Results show that any interference with the complex mechanisms that control the coupling between the flow and the bed dynamics is prone to produce unrealistic solutions that manifest themselves through the appearance of a spurious resonance in the transcritical region. This happens both in the quasi-steady case, whereby time derivatives are dropped in the flow equations, and in the case of weak coupling, whereby the solution is expanded in power series of the small parameter \(\gamma\), which compares the timescales of flow and sediment transport and thus controls the strength of the coupling. The approximate solution found in the latter case is shown to be not uniformly valid in the transcritical region. A regular (non resonant) perturbation expansion has been presented that allows for the elimination of this singularity. Indeed, the availability of analytical approximate solutions for the eigenvalues and the eigenvectors can be of great importance in the formulation of numerical models for the solution of the nonlinear SVE system based on local linearization of the problem.
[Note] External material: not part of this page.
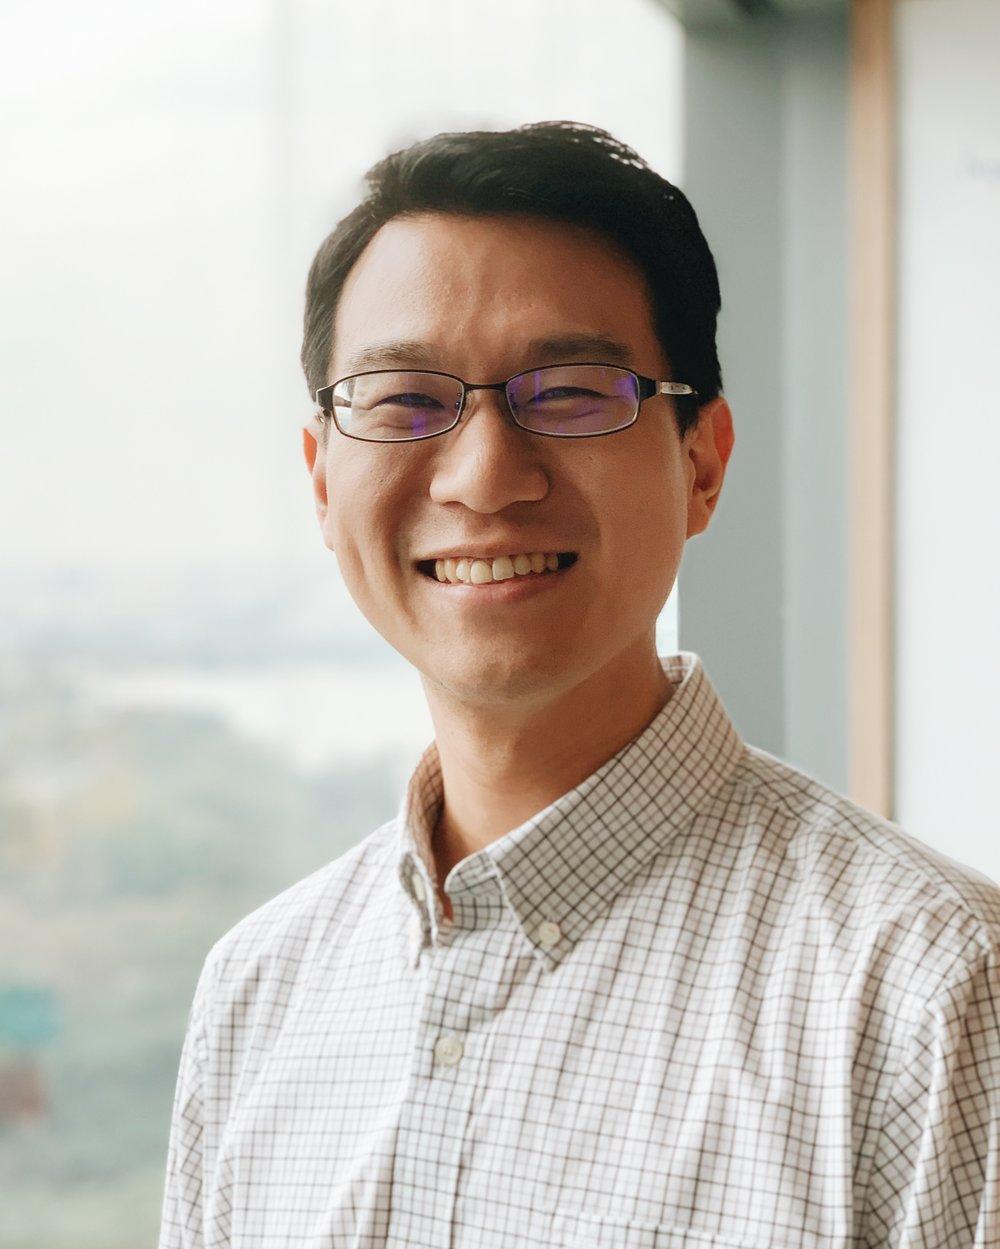 Loh Wei - Director of Finance

Despite the crude models used to describe the flow and the bed dynamics, a theoretical framework has been provided in which some classic results about stability, resonance and coupling have been revisited and find a new perspective. Possible future developments of this work could imply an extension of the approach to the case of a bed composed by a mixture of sediments of different sizes.